Кроме социальных, возрастных и гендерных барьеров, которые оставались важными факторами, затрудняющими исследование, существовали и другие сложности в общении. Значительное число местных жителей постоянно находились на работе, причем выезжали вниз — на хлопковые поля, и оставались там целыми днями; часть местных жителей на все лето выезжала за пределы кишлака — куда-нибудь на выселки по ущелью, в небольшие горные местечки около родников; были еще и чабаны, уходившие далеко в горы пасти скот. Общественный транспорт в 1995 году работал плохо, бензин был дорогим, и жители практически не пользовались своими легковыми машинами. Выехать за пределы Ошобы было для меня сложным предприятием, поэтому не получилось в достаточной мере, как хотелось бы, поговорить с жителями Мархамата, Оппона, а также, например, Адрасмана, где жило много ошобинцев. Разумеется, я сталкивался с этими людьми в Ошобе и несколько раз пешком путешествовал по ущелью до Кызыл-олма, где также успевал немного пообщаться с местным населением, переброситься несколькими словами, но завязать длительные, постоянные и доверительные отношения при таком режиме встреч не удавалось.
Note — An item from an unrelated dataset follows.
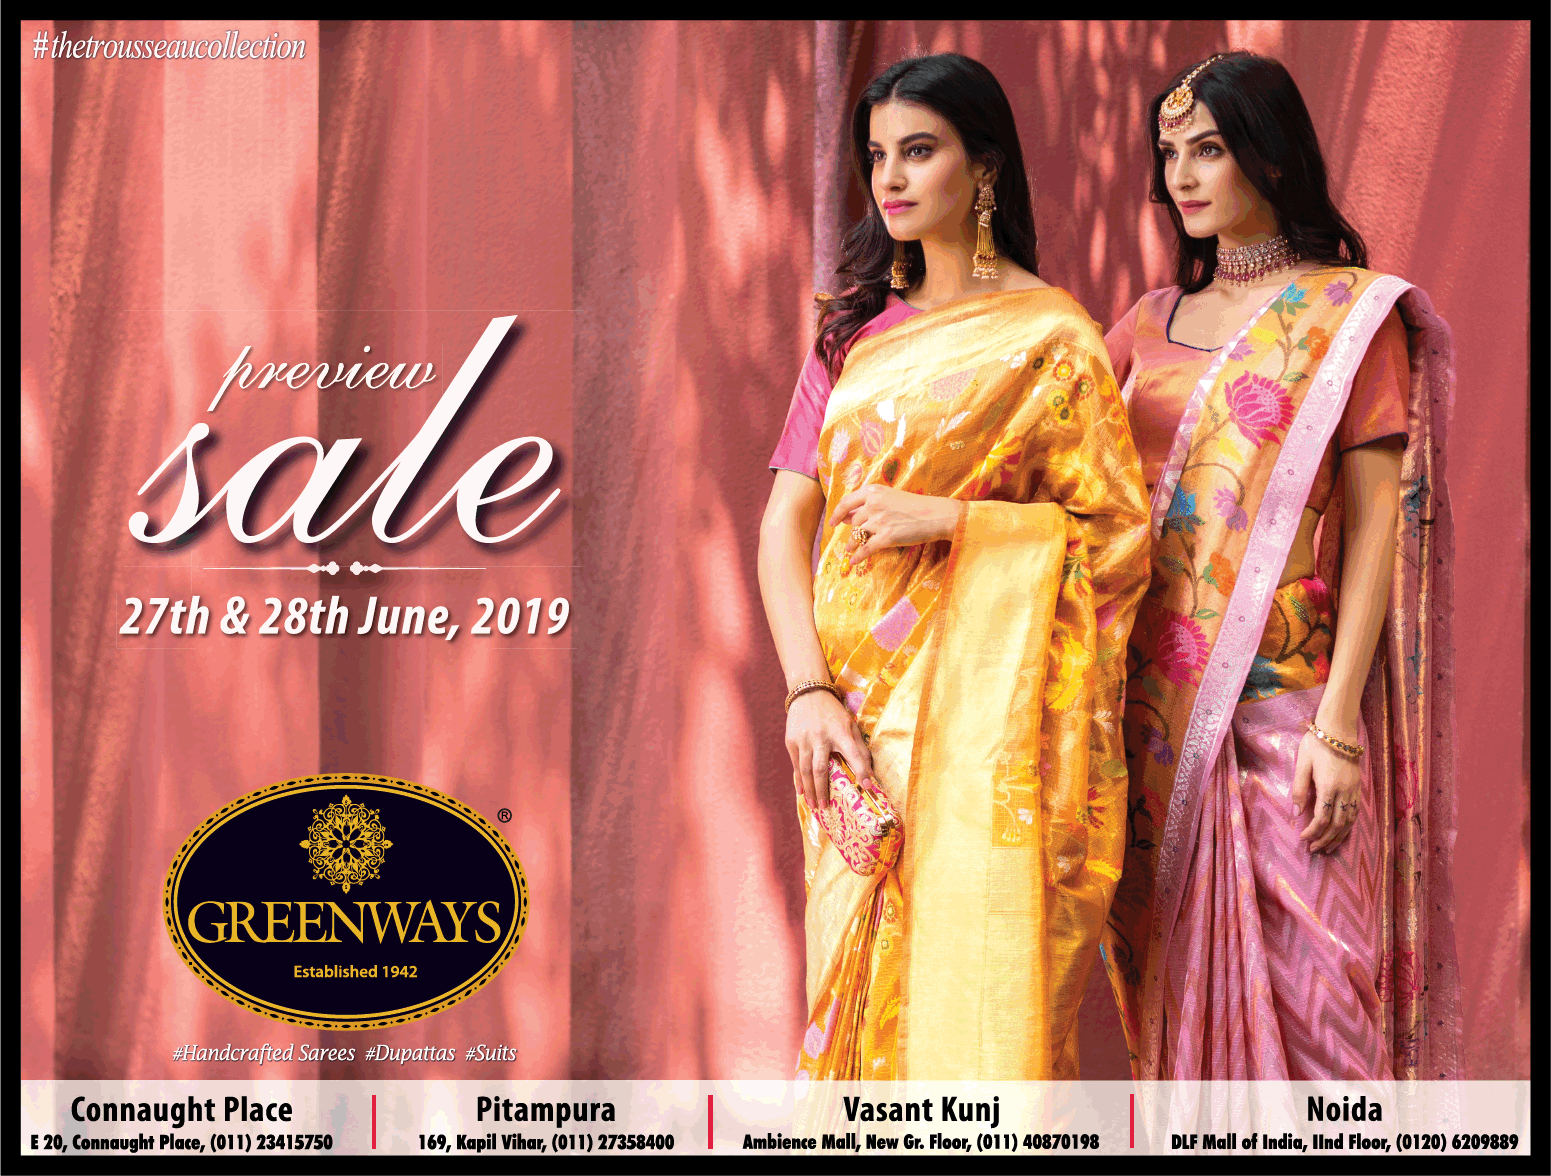 grreenways-sarees-preview-sale-27th-and-28th-june-ad-delhi-times-27-06-2019.png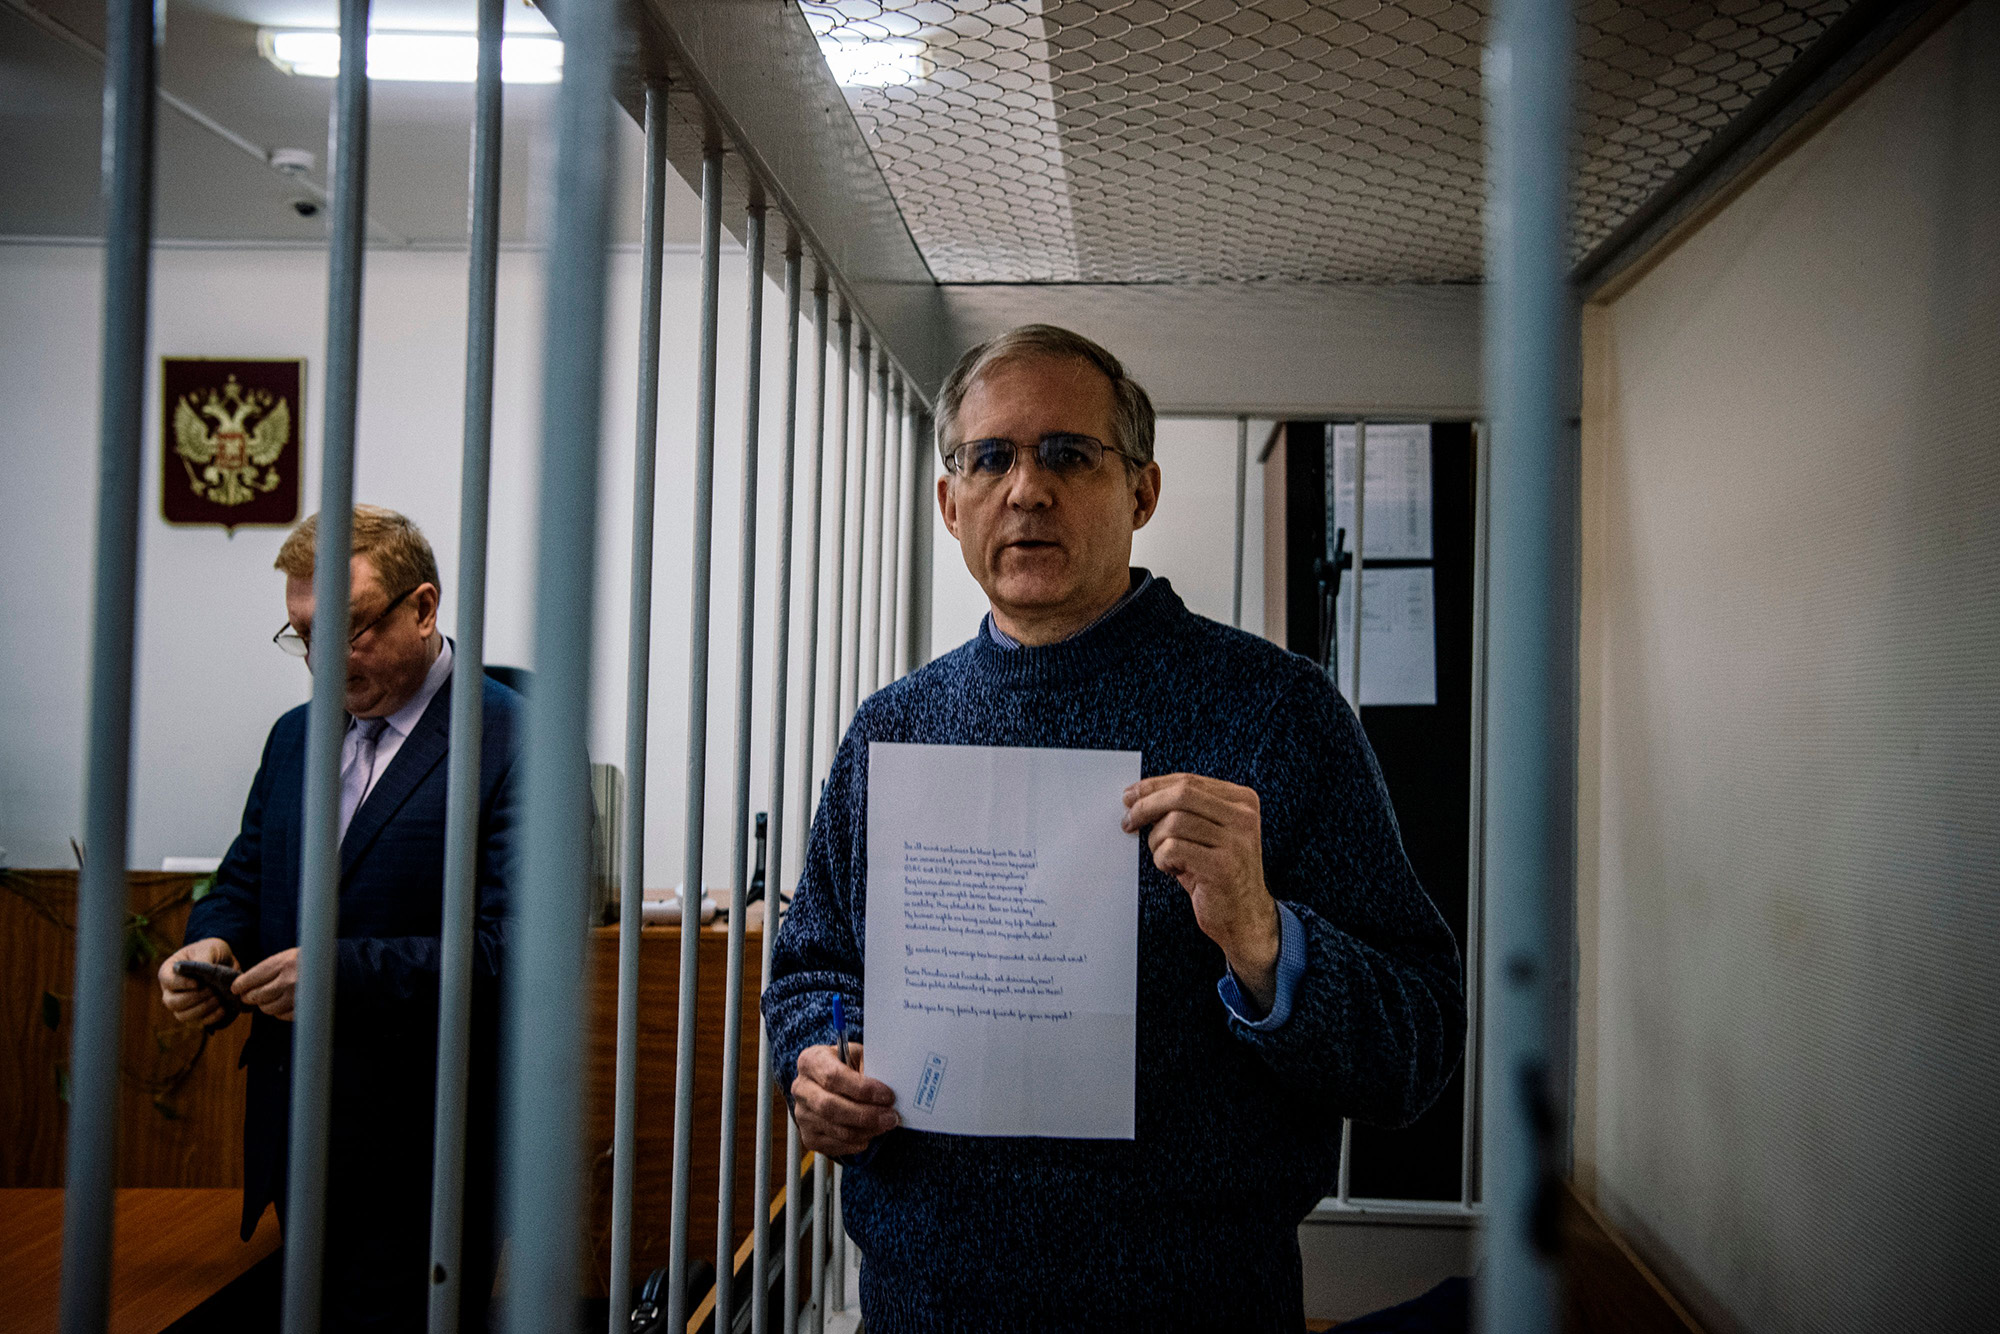 Former US Marine Paul Whelan, detained in Russia on espionage charges, holds a message before a hearing at the Lefortovo Court in Moscow, on October 24, 2019.

Все вышесказанное означает, что я не смог в полной мере услышать голос определенной части ошобинского общества, голос людей, которые думают немного иначе, иначе дают оценки истории и нынешней ситуации, иначе выстраивают свои жизненные стратегии и выбирают тактику поведения. Впрочем, нельзя сказать, что диапазон голосов, мной услышанных, был узок и ограничивался исключительно образованными интеллектуалами. Парадокс в том, что история с К., который по какой-то причине неожиданно выставил меня из своего дома, привела меня в итоге в дом Х., который, как я уже говорил, относился как раз к очень невысокой социальной группе, далекой от начальства, учителей или религиозных деятелей. Я постарался сдружиться с этой семьей, расспрашивал ее членов о жизни в кишлаке, о людях, которые живут вокруг, я каждый день наблюдал за их взаимоотношениями друг с другом, с родственниками и соседями, работал вместе с ними на приусадебном участке, ходил на туи, вникал, где они позволяли, в их проблемы. Я заглянул в уголки, откуда жизнь кишлака выглядела по-особому — здесь многие нормы и правила соблюдались не так строго, но не по причине какой-то особой лояльности к былой советской идеологии, а скорее из-за простоты и непосредственности, характеризовавших быт этой семьи. Эти люди, в отличие от тех, кто вроде бы был мне ближе по статусу и привычкам, вели себя намного более открыто, что давало возможность наблюдать такие стороны повседневной жизни, которые представителями более образованного слоя прятались и цензурировались в присутствии чужака. Я часто слышал от Х. и его близких критические и даже иронические комментарии к событиям и фактам, которые другими воспринимались всерьез, что позволяло мне оценивать увиденное и услышанное с разных социальных позиций. Такой контраст был очень полезен и продуктивен для исследования.